_What to work on_
Copy exactly the lines of the records below, and only those lines, beginning with the line that contains "c3 cinema laurel mall tamil nadu" and ending with the line that contains "Korhű tuningnak néz".

_Material for this task_
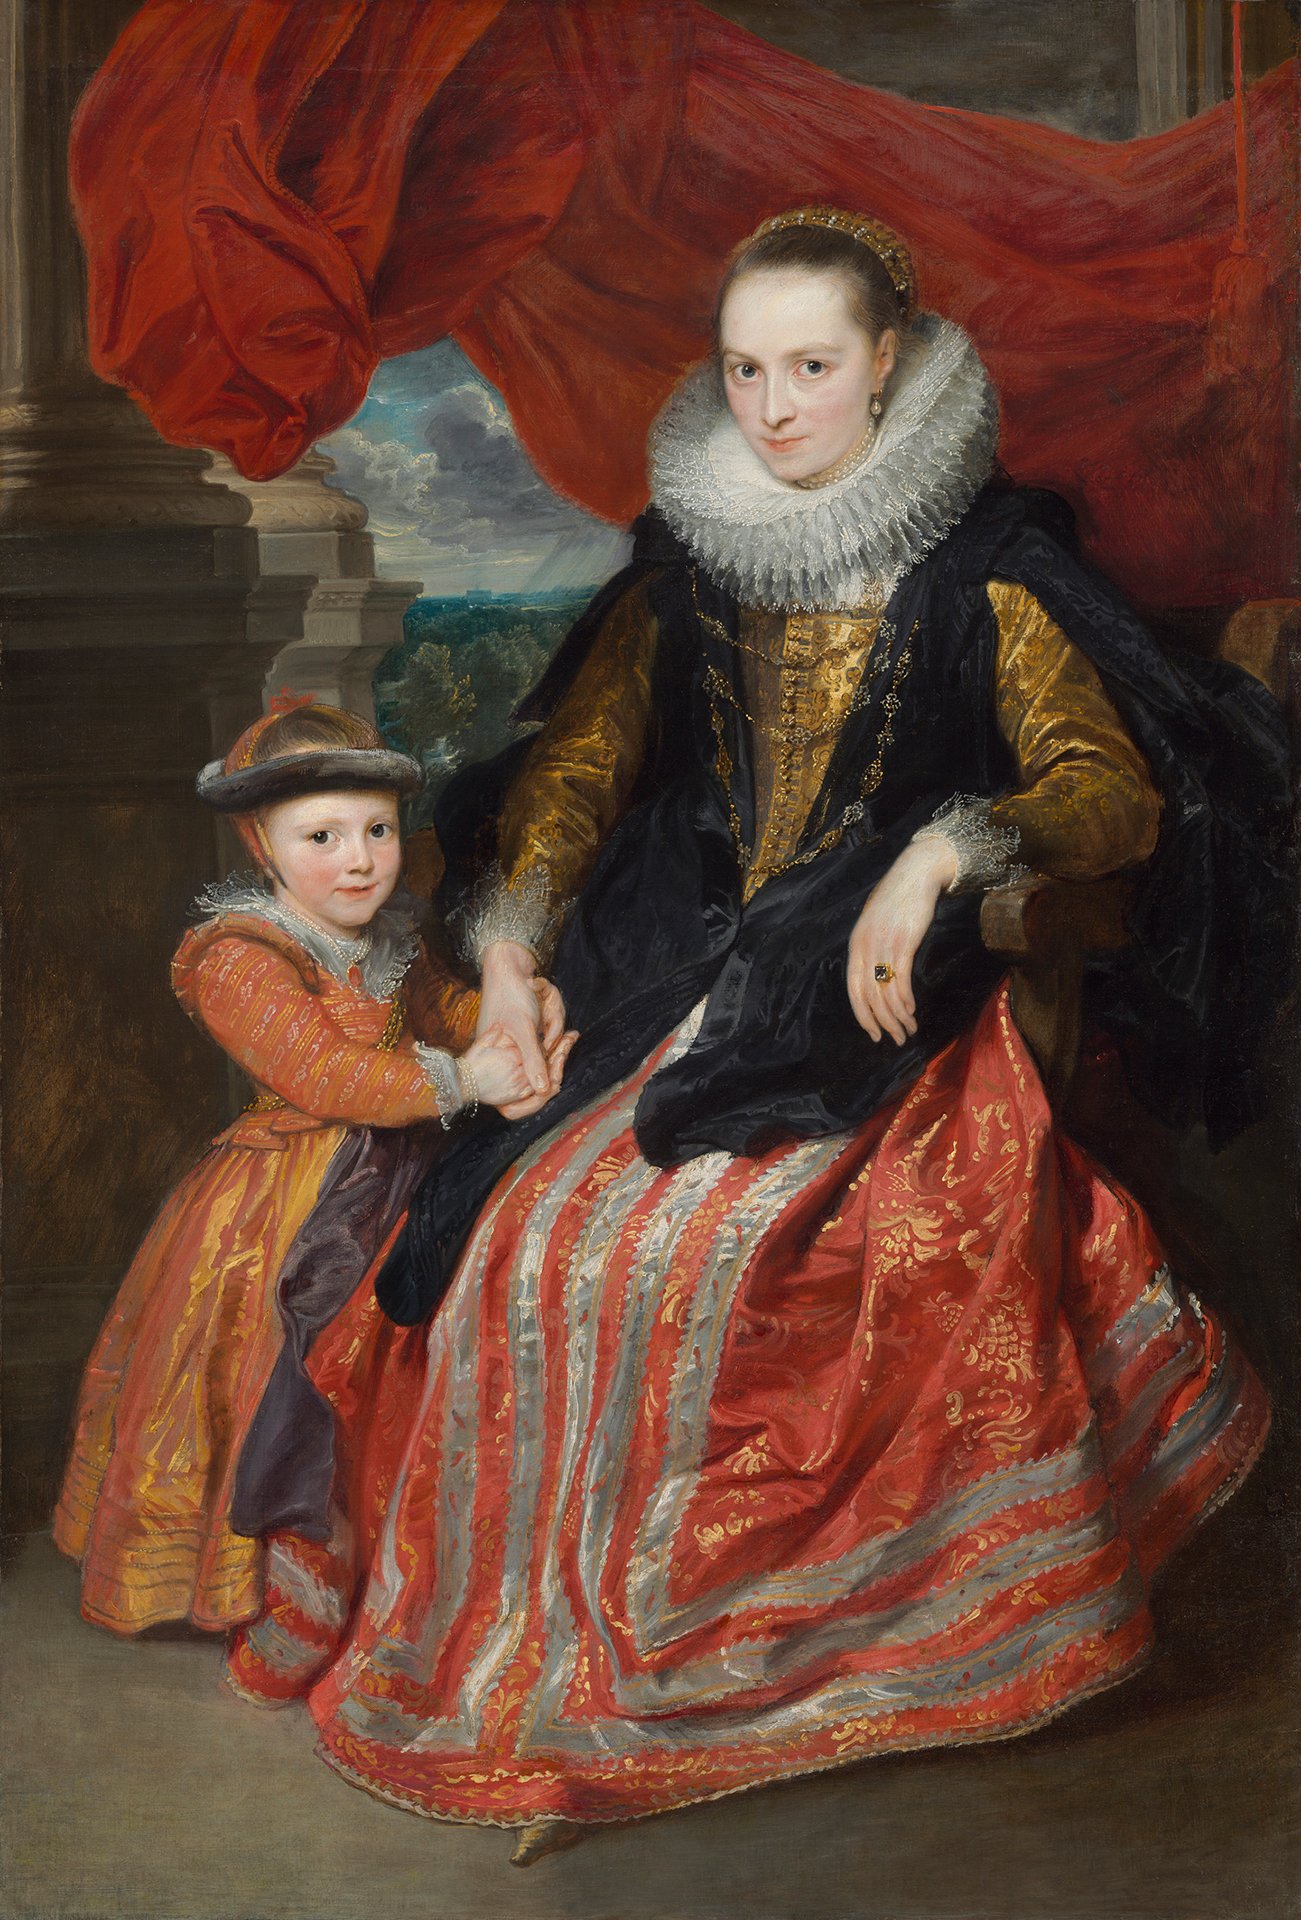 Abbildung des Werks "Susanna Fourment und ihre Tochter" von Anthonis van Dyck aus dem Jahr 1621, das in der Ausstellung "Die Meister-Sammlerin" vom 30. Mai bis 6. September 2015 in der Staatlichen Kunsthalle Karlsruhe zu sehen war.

--

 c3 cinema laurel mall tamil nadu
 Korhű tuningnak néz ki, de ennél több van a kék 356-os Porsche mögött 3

==

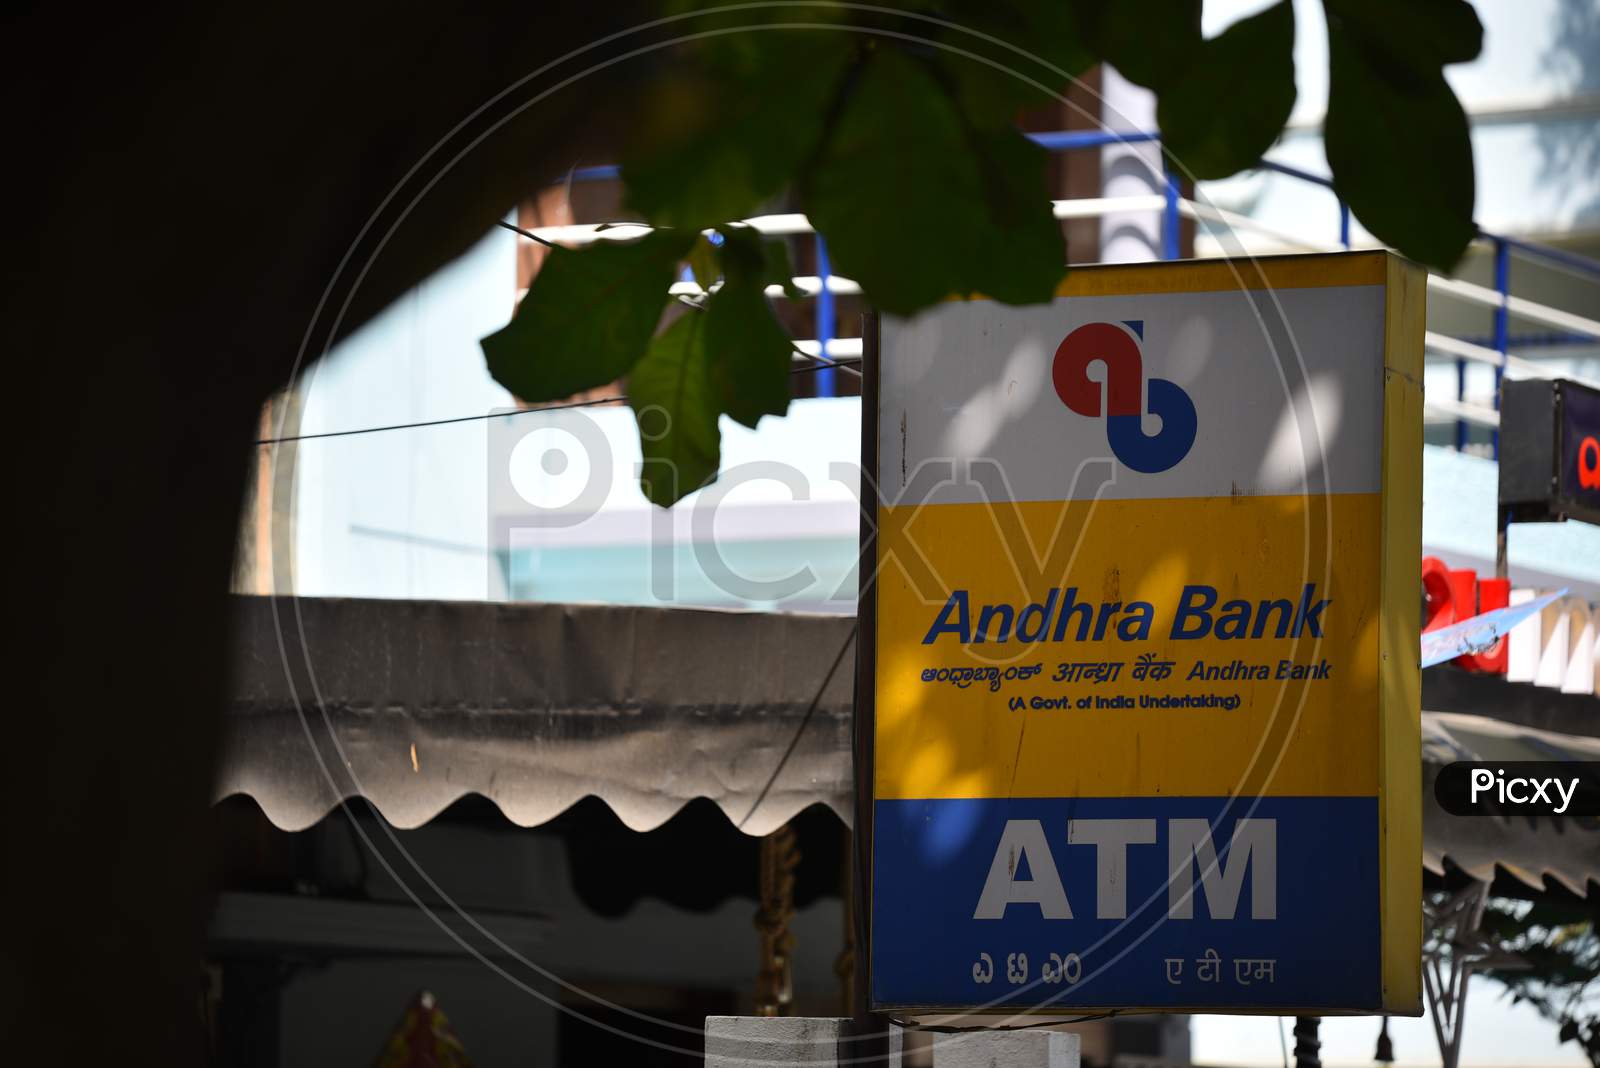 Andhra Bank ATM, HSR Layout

_Solution to the exercise_
 c3 cinema laurel mall tamil nadu
 Korhű tuningnak néz ki, de ennél több van a kék 356-os Porsche mögött 3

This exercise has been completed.